Not A Happy 64th B’day Israel!

By Samah Sabwai

Peeling off the artificial sugar layers and the dazzling celebratory ornaments, Israel on its 64th birthday stands fragile, isolated and exposed in a way it has never been since its foundation.

This has not been a good year for the Jewish state. Anti-normalization movements have picked up steam in the Arab world while the global campaign for Boycott Divestments and Sanctions continues to present a serious challenge, with a long list of artists refusing to entertain apartheid. Israeli Apartheid Week continues to grow on university campuses around the world despite Israel’s failed effort to counter it and non-violent resistance in Palestine which is often met with Israeli brutality is no longer the hidden secret it once was with more international activists witnessing and at times experiencing the brutality first hand.  The year ended with the a major announcement from the Methodist Church that they will divest from Israel.

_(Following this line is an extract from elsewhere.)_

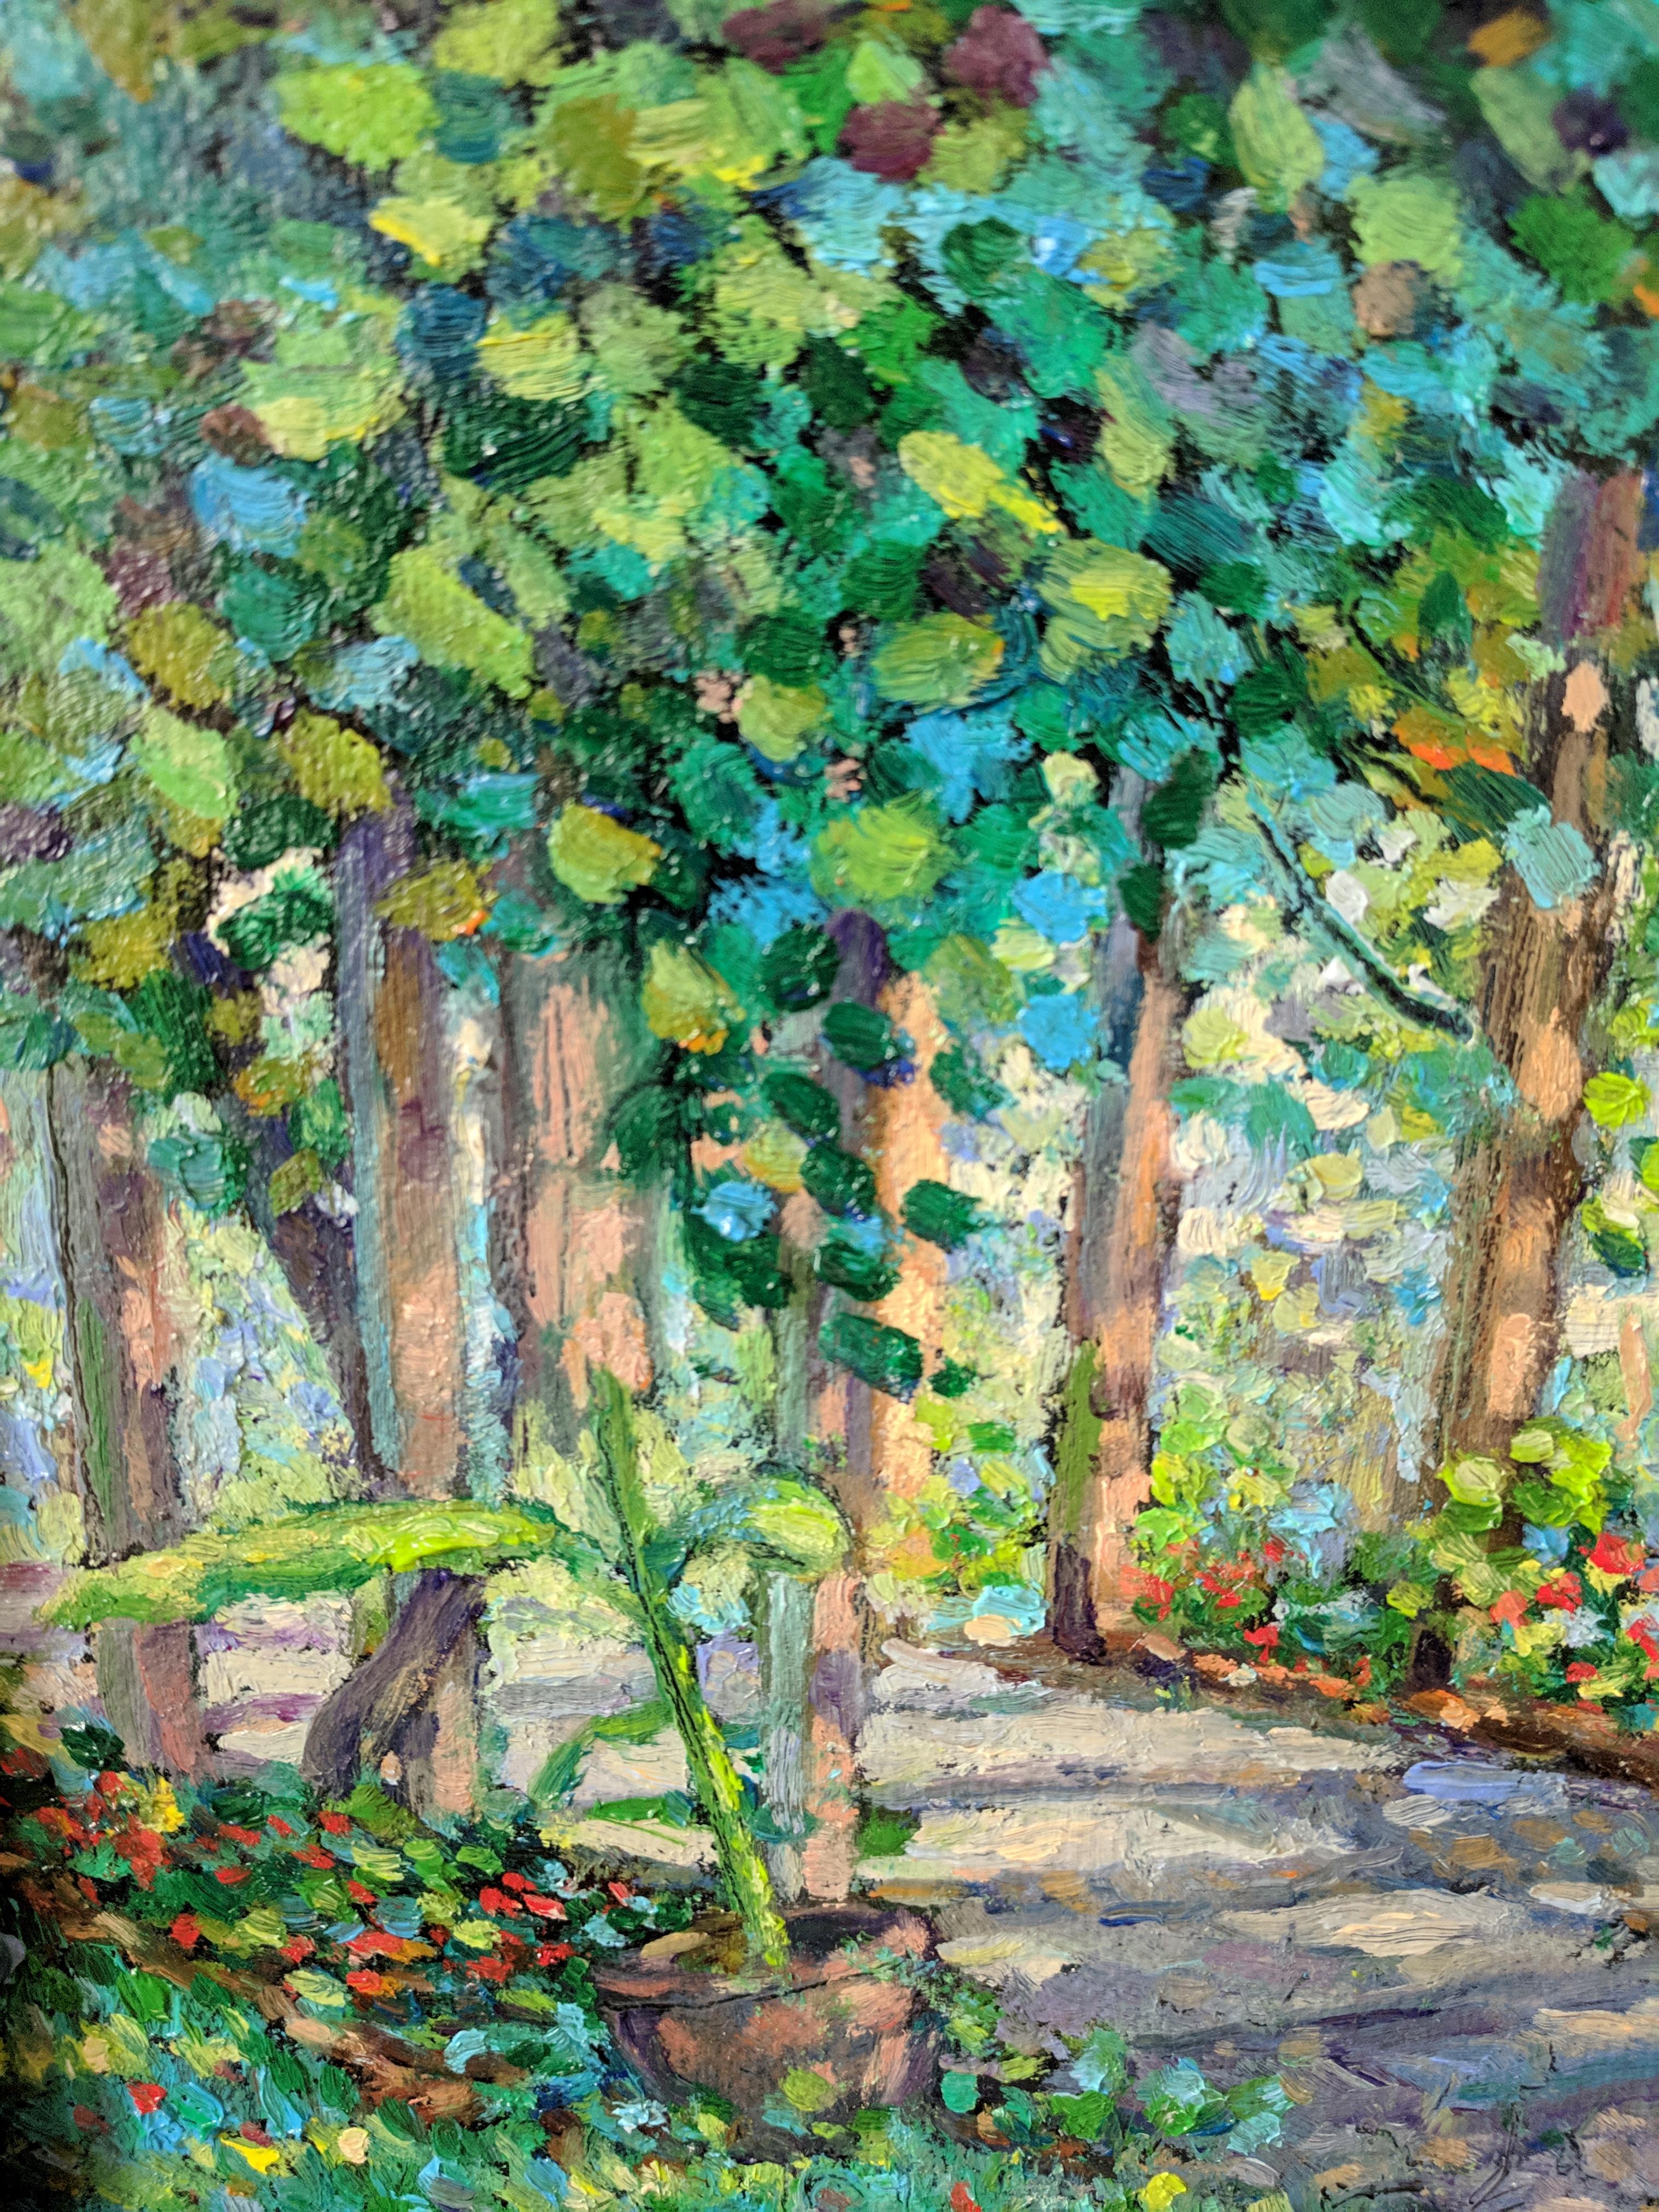 This oil painting on linen is a fine example of an American impressionist landscape by a masterful painter. The painting provides a scene of green and many-hued trees that give an embrace to a stone path. The light filtering through the leaves give

On the diplomatic front, the PA took its bid for statehood to the UN.  Mahmoud Abbas’s moving speech at the UNGA  on November 23, 2011 was met with rapturous applause.  More than one month later, Palestine was admitted  into the first UN body UNESCO with an overwhelming international show of support further exposing the isolation of the Zionist state in the international arena.

Israel is also losing the media war as mainstream television networks and newspapers are becoming more daring in their criticism. For example 60 Minutes recently aired a program about Israel’s discrimination of Christian Palestinians, a show that Israeli officials objected to and tried to stop before it was even aired. But the real highlight for the year on the drama front was the broadcasting of the British TV series  The Promise on networks around the world.  Israeli supporters were furious and have tried in various countries to stop the show from screening.  In its final episode, The Promise brings to life scenes of the ethnic cleansing of 1948 Palestine.

Another sign of Israel losing its grip on the media front was evident when The Economist published this editorial  (March 6, 2012), holding Netanyahu responsible for the demise of the peace process  “No one bears greater responsibility for the trap Israel finds itself in today than Mr Netanyahu. As prime minister in the late 1990s, he did more than any other Israeli leader to destroy the peace process.”

And if all of this is not enough, even Israel’s powerful allies, including Australia  and the US have grown impatient with its behavior especially its derailment of the peace process, its continued settlements expansion and its appetite for attacking Iran.  Indeed Israel is losing friends fast.  Two other traditional allies have also been lost this past year as we saw the expulsion of Israel’s ambassador to Ankara following a row with Netanyahu’s government over Israel’s deadly raid on a Gaza-bound aid flotilla and the evacuation of Israeli diplomats from Egypt after Egyptian protestors stormed the Israeli embassy in Cairo.  Worth mentioning is that until now, the Israeli embassy stands vacant as anti-normalization movements in the Arab world continue to gain strength and yield various victories from Morocco where activists are calling to criminalize normalization to Egypt where they have succeeded in cancelling the gas deal with Israel and are now calling for an end to the peace treaty with the Zionist state.

This year, more than ever, people have began to question Isreal’s democracy especially as the Israeli government moved to reinstate its infiltrator law, a 50 year old law that targets not only Palestinians but also all asylum seekers regardless of age.  Israel was also criticized for a barrage of other draconian laws reflecting its insecurity and discriminatory nature, like the law that was passed allowing communities in the Negev and Galilee regions smaller than 400 households to refuse potential residents on the basis of their ethnicity or religion.  And for those who find such acts reprehensible and would like to do something about it…say like boycotting Israeli settlement goods, Israel is ready for that too.  They have also passed a law that gives settlers the right to claim economic injury from a call to boycott and to actually sue the organizers of the boycott without needing to have any proof of such damages. 

Perhaps most telling of all is Israel’s passing of legislation that calls for withdrawal of government funding to any organization or institution that marks commemorating Nakba, that is remembering how Israel was founded on the ruins of more than 400 Palestinian villages and cities which were ethnically cleansed by the Jewish army, forcing more than 750,000 Palestinians into exile in order to pave the way for a Jewish majority.  In fact this year some people were arrested because they dared remember this part of Israel’s history!
So all in all, a very bad 64th birthday!

– Samah Sabawi is a Palestinian writer. She contributed this article to PalestineChronicle.com.